Aim of the task => Quote the lines below exactly, from the one that holds "wallart, fiberart, textile art, wall tapestry" through the final line of the records, and only those.

Source data =>
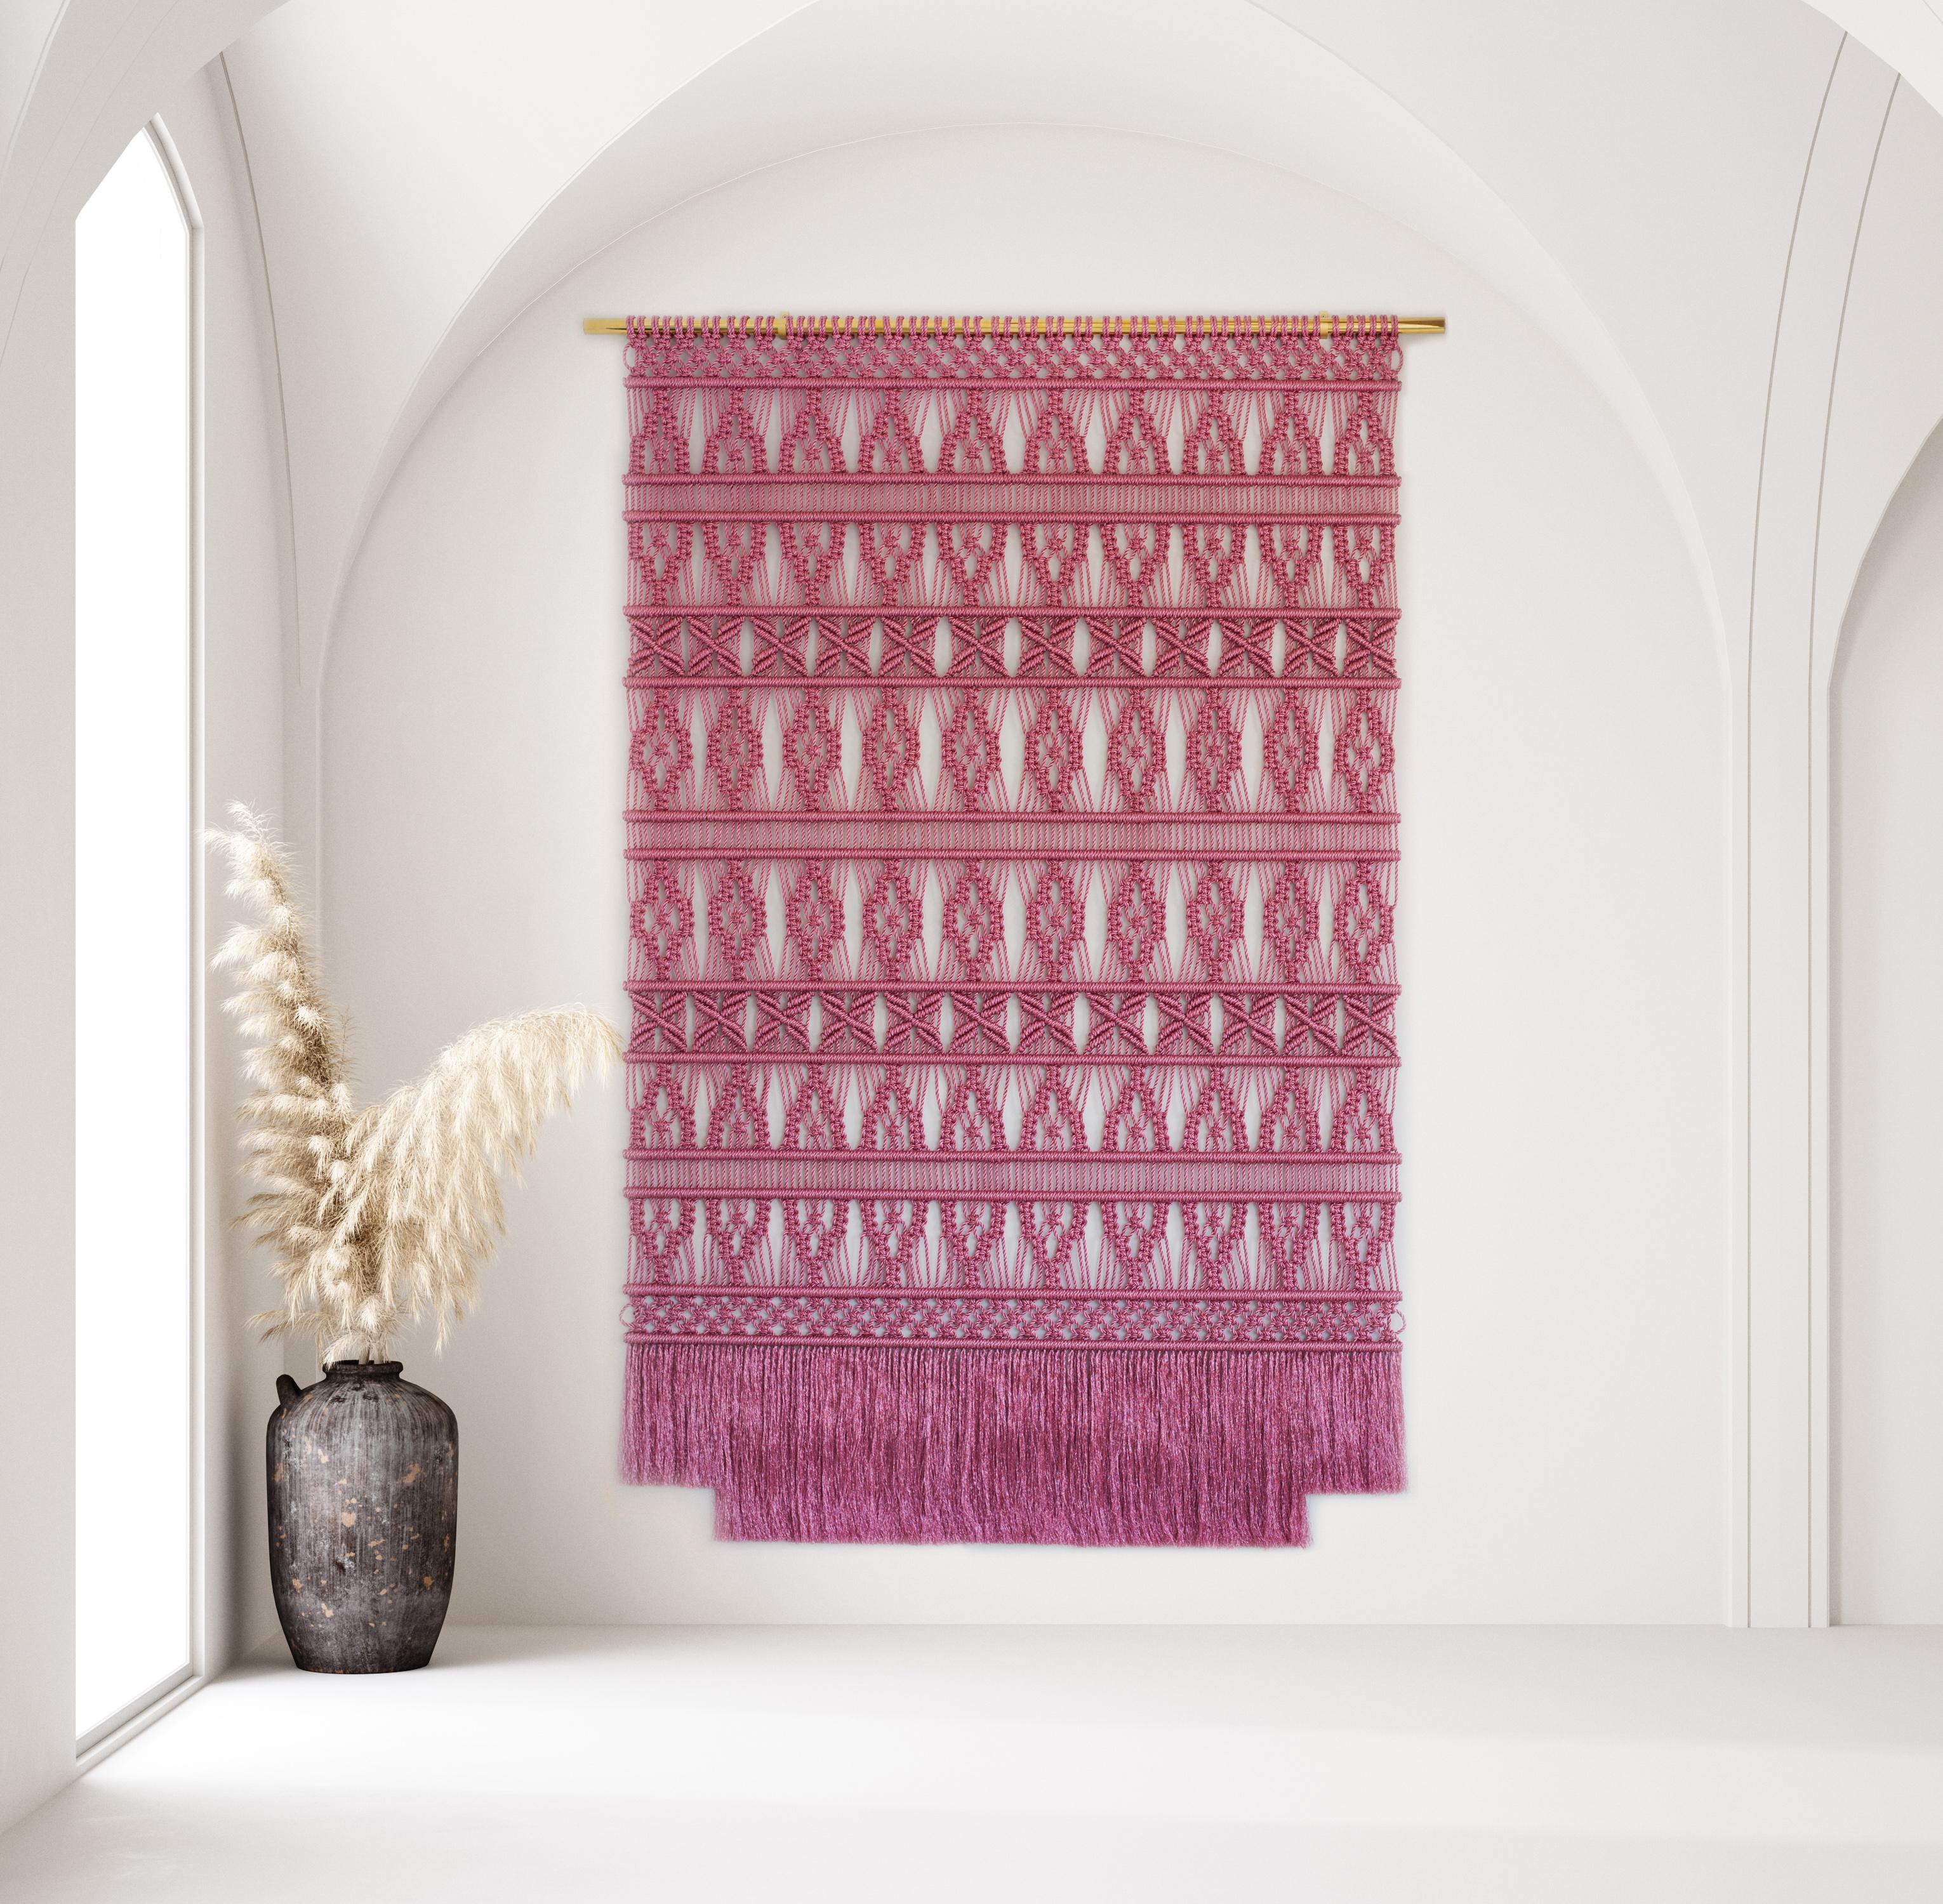 Pink metallic macrame wallhanging
wallart, fiberart, textile art, wall tapestry
Measures: 180cm x 280cm
Handmade by Milla. Novo in her Art studio near Amsterdam
These large wallhangings give a warm feeling in your interior and help with

Task output =>
wallart, fiberart, textile art, wall tapestry
Measures: 180cm x 280cm
Handmade by Milla. Novo in her Art studio near Amsterdam
These large wallhangings give a warm feeling in your interior and help with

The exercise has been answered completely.